→ WHAT IS EXPECTED:
Each line of the material must be reproduced exactly; pictures stay out.

== RECORDED DATA

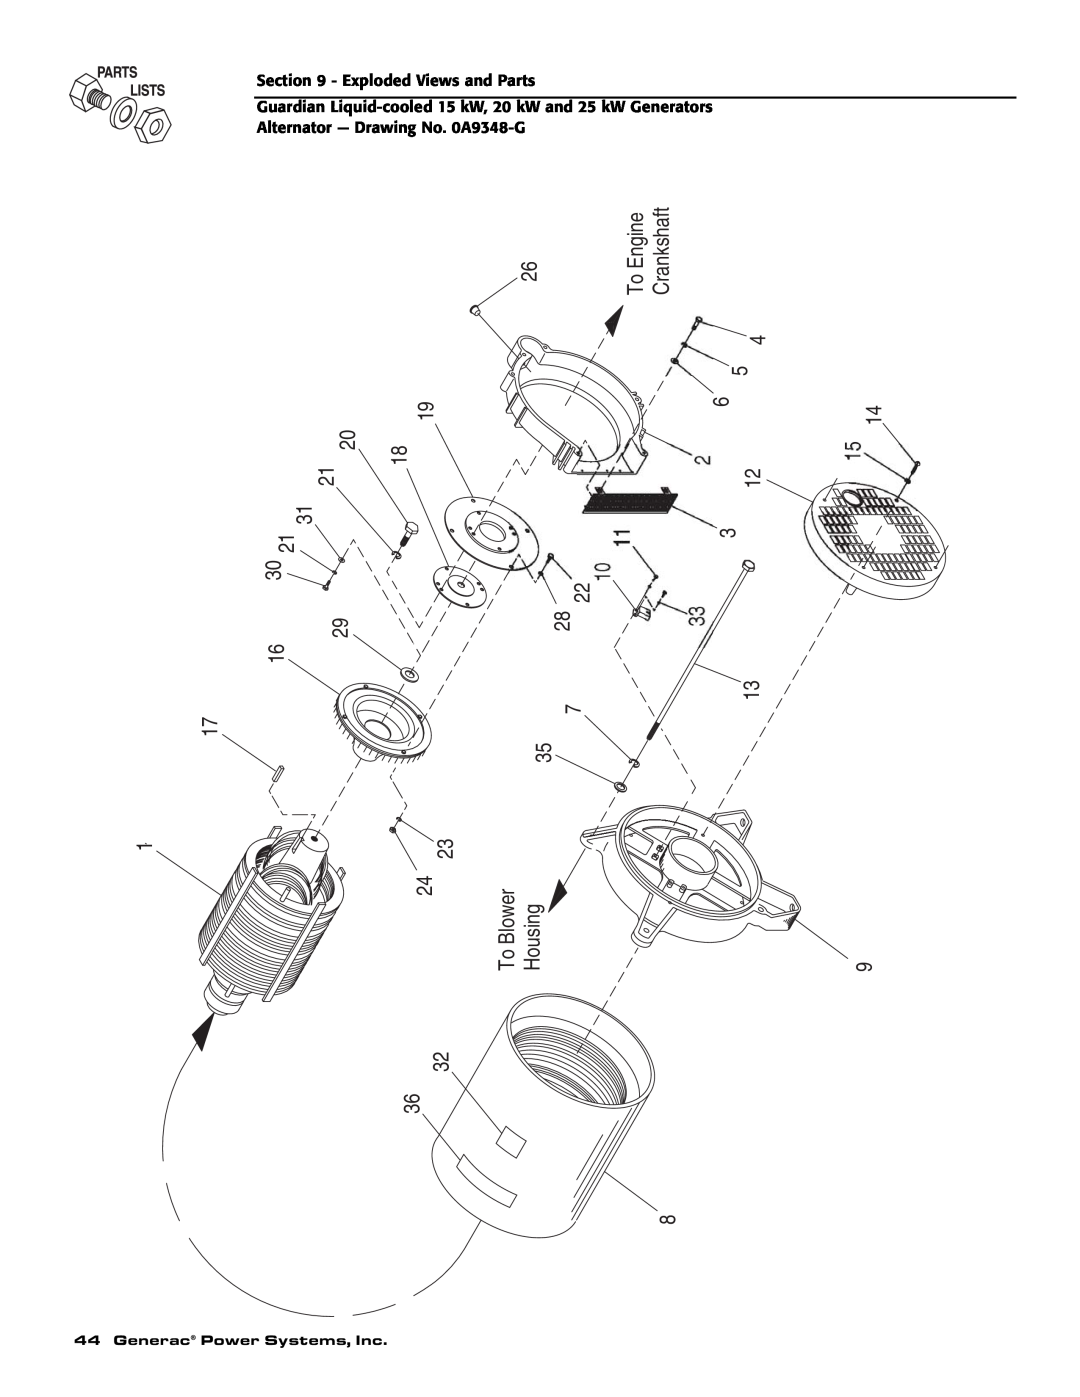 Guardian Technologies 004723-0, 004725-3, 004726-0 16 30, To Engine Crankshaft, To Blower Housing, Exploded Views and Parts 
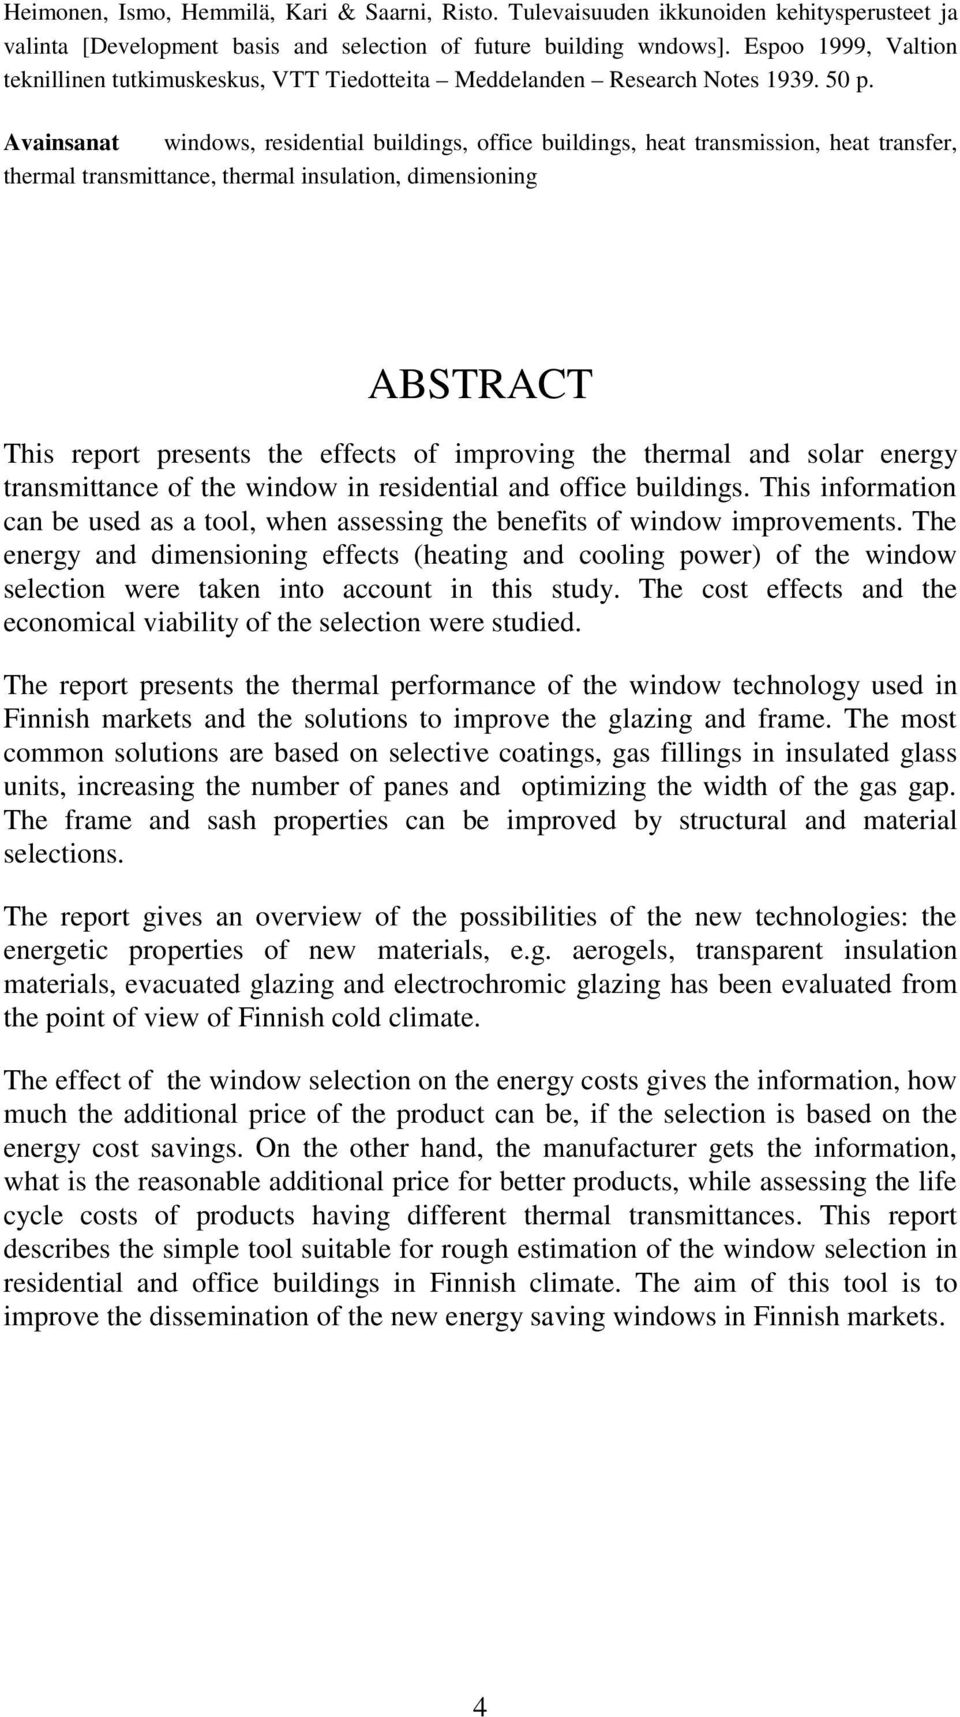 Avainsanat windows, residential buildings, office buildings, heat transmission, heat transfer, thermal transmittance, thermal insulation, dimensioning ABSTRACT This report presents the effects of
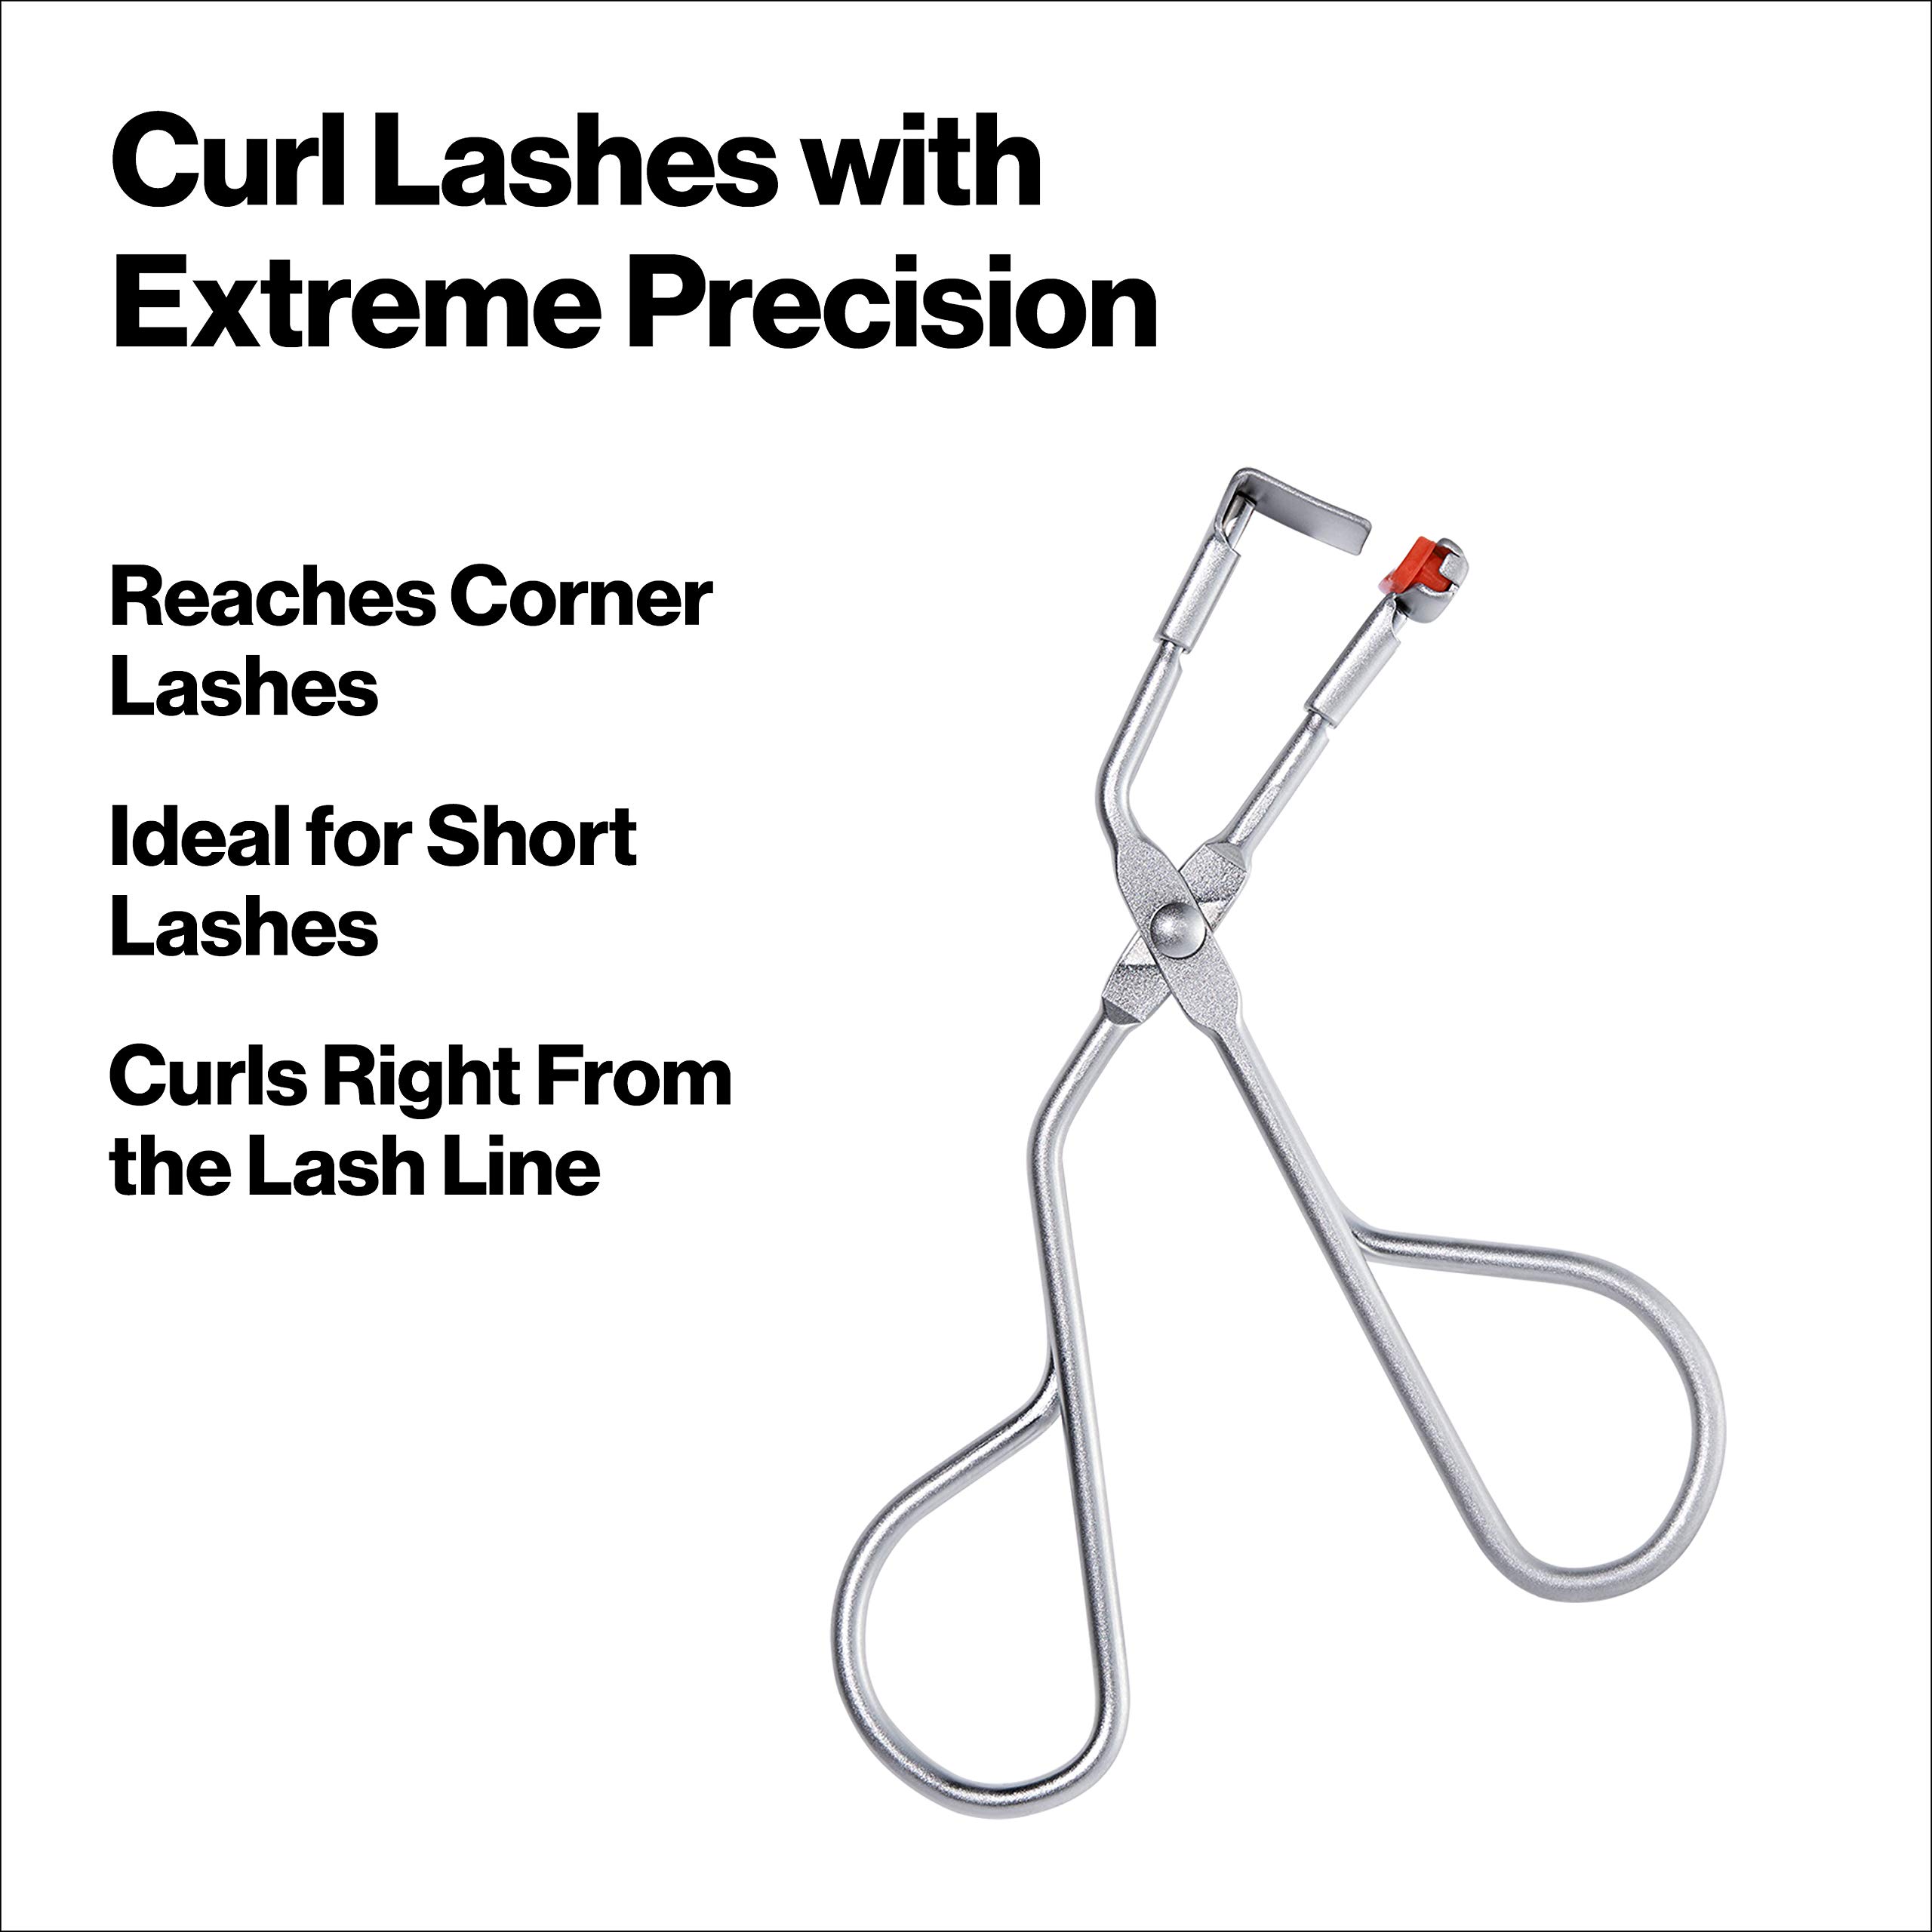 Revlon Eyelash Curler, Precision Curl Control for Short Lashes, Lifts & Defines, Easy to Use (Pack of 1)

====

→ EXERCISE ANSWER:
 Guardian Technologies 004723-0, 004725-3, 004726-0 16 30, To Engine Crankshaft, To Blower Housing, Exploded Views and Parts 
 Avainsanat windows, residential buildings, office buildings, heat transmission, heat transfer, thermal transmittance, thermal insulation, dimensioning ABSTRACT This report presents the effects of
 Revlon Eyelash Curler, Precision Curl Control for Short Lashes, Lifts & Defines, Easy to Use (Pack of 1)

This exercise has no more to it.